Sor Monika es una novela erótica que ha permanecido durante décadas bajo el misterio de su autoría, pero hoy en día, los estudiosos coinciden en atribuírsela a E.T.A. Hoffmann, uno de los grandes exponentes del Romanticismo alemán. Publicada por primera vez en 1815, esta obra cautiva desde el primer momento con su mezcla de imaginación desbordante y un tono alegre y desenfadado. Hoffmann, conocido por su capacidad para combinar elementos fantásticos con una profunda reflexión teológica y musical, dota a esta novela de un ritmo vertiginoso, cargado de sensualidad y provocación.

La trama nos sumerge en un convento donde Sor Monika y otras monjas experimentan situaciones cargadas de erotismo, en un ambiente que desafía la rigidez moral y las convenciones de su tiempo. Desde las primeras páginas, el lector es transportado a un mundo en el que lo prohibido y lo sagrado se entrelazan, creando un contraste fascinante. La historia, lejos de ser simplemente un relato de erotismo explícito, utiliza este contexto para explorar los límites de la fantasía y el deseo humano, desdibujando constantemente la frontera entre lo real y lo imaginado.

La prosa de Hoffmann en Sor Monika es ágil, llena de detalles sensoriales que encienden la imaginación. Las descripciones de los cuerpos, de los gestos y de los encuentros entre los personajes logran crear una atmósfera cargada de tensión sexual que se mantiene a lo largo de todo el relato. Sin embargo, más allá de lo explícito, Hoffmann también deja entrever un sentido de libertad personal y de cuestionamiento de las normas establecidas, lo que añade una capa de profundidad a la narración.

E.T.A. Hoffmann, más conocido por sus cuentos de fantasía y horror como “El hombre de arena” o “Los elixires del diablo”, demuestra en Sor Monika una faceta menos conocida de su genio literario. Su capacidad para combinar el placer sensual con una crítica velada a la moral de la época convierte esta obra en una joya del género erótico, que, pese a su contenido, no pierde nunca la elegancia y el ingenio característicos del autor.

Prólogo

Un Eros misterioso

Que los soberbios moscovitas, si pueden nos perdonen: jamás para nosotros el nombre trivial de Kaliningrado tendrá el más mínimo sentido mientras que, por el contrario, jamás abandonará nuestra memoria el de Könisberg, capital de la Prusia oriental, ciudad donde nació y vivió Emmanuel Kant, ciudad célebre ante todo por haber sido la cuna de uno de los hombres en los cuales pienso con mayor curiosidad, admiración y amor, el maravilloso Ernst Theodor Amadeus Hoffmann… Amadeus, sí, porque, como todos, o casi, saben, Hoffmann… sustituyó el de Wilhelm por ese tercer nombre para proclamar muy a las claras su apego a Mozart. No en vano he hablado de curiosidad, ya que Hoffmann, al igual que Poe, Baudelaire, Nerval, Mallarmé o André Bretón, a pesar de todas las investigaciones que se hicieron y que se harán, seguirá siempre envuelto en cierto misterio, que no es por otra parte el menor de sus encantos. El que podamos escribir hoy con certeza casi absoluta que él es el autor de esta cautivadora novela erótica, Sor Monika, es algo que, sin despejar sino un poco el misterio, aumentará notablemente el encanto.
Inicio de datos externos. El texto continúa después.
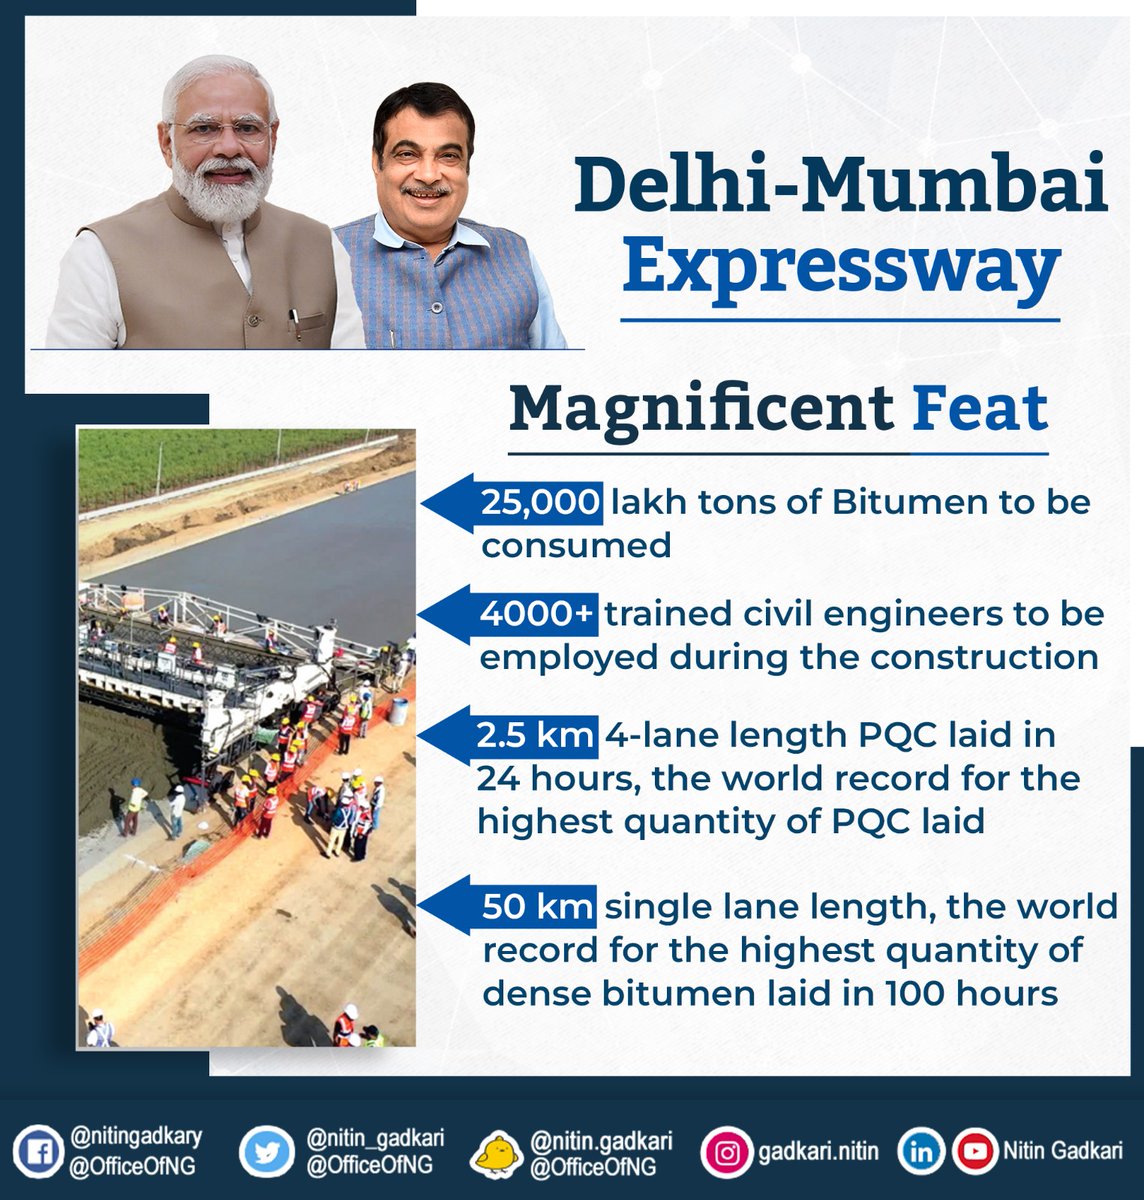 The #Delhi_Mumbai_Expressway Construction has to be consumed ₹25,000 lakh tons of Bitumen while 4000+ trained civil engineers will be employed during work. #BuildingTheNation #PragatiKaHighway #GatiShakti

Antaño, hojeando el Princesa Brambilla, hermoso relato cuyo exceso me impide disfrutarlo tanto como otros en la obra de Hoffmann, me detuve en una frase: «Con el fin de apaciguarse, la vieja fue a preparar un buen plato de macarrones», y eso me recordó algo que había leído antes y que encontré sin demasiado esfuerzo, un pasaje de la traducción de Sor Monika, extrañamente parecido: «Así pues, Louise lo había visto todo y a Christine sólo se le ocurrió darle macarrones algunas veces y rogarle encarecidamente que por nada del mundo se lo contara a su madre». Louise, la madre de Monika, en ese momento del relato no es sino una niña; lo que ha visto es el espectáculo de su criada, Christine, arrojada encima de la cama por cierto Adolpho que deslizaba entre sus muslos «una cosa larga y tiesa cuyo nombre ella desconocía». Bien; pero me parece que hay que prestar atención a los macarrones, como lo habrán hecho sin duda los serísimos críticos y filólogos alemanes que emprendieron la tarea de demostrar la indiscutible verdad de la atribución de Sor Monika a Hoffmann. Tarea que han llevado a cabo con éxito, según los especialistas, por lo que me parece probable que en la obra del narrador hayan encontrado otras veces los macarrones en el rol de un guiso tan pesado y tan poderoso que produce serenidad y olvido. No haré mío pues el argumento del guiso de largos fideos, por excelente que sea, pero podemos entretenernos comprobando la fascinación que ejerce sobre Hoffmann esa pasta, legendario alimento que pertenece a esa Italia a la que tanto amó sin jamás haberla visto. Permítanme añadir que este alimento no puede comerse sino a partir de Roma hacia el sur, que es delicioso en Nápoles y aún más en Sicilia, donde se hace con berenjenas, con anchoas, o con sardinas: esos maccheroni con le sarde que ya no puede uno olvidar cuando se ha tenido la suerte de hincarles el diente… Pero aquí se trata de erotismo y no de gastronomía, me equivocaría si no lo señalara enseguida y si no señalara también esa noción capital en materia de literatura, la originalidad, ya que Sor Monika se distingue de toda la obra de Hoffmann tan absolutamente como se relaciona con ella; es igualmente singular en lo que se refiere a todas las novelas y todos los cuentos de carácter erótico de los siglos XVIII y XIX, en Alemania, Francia y otros países.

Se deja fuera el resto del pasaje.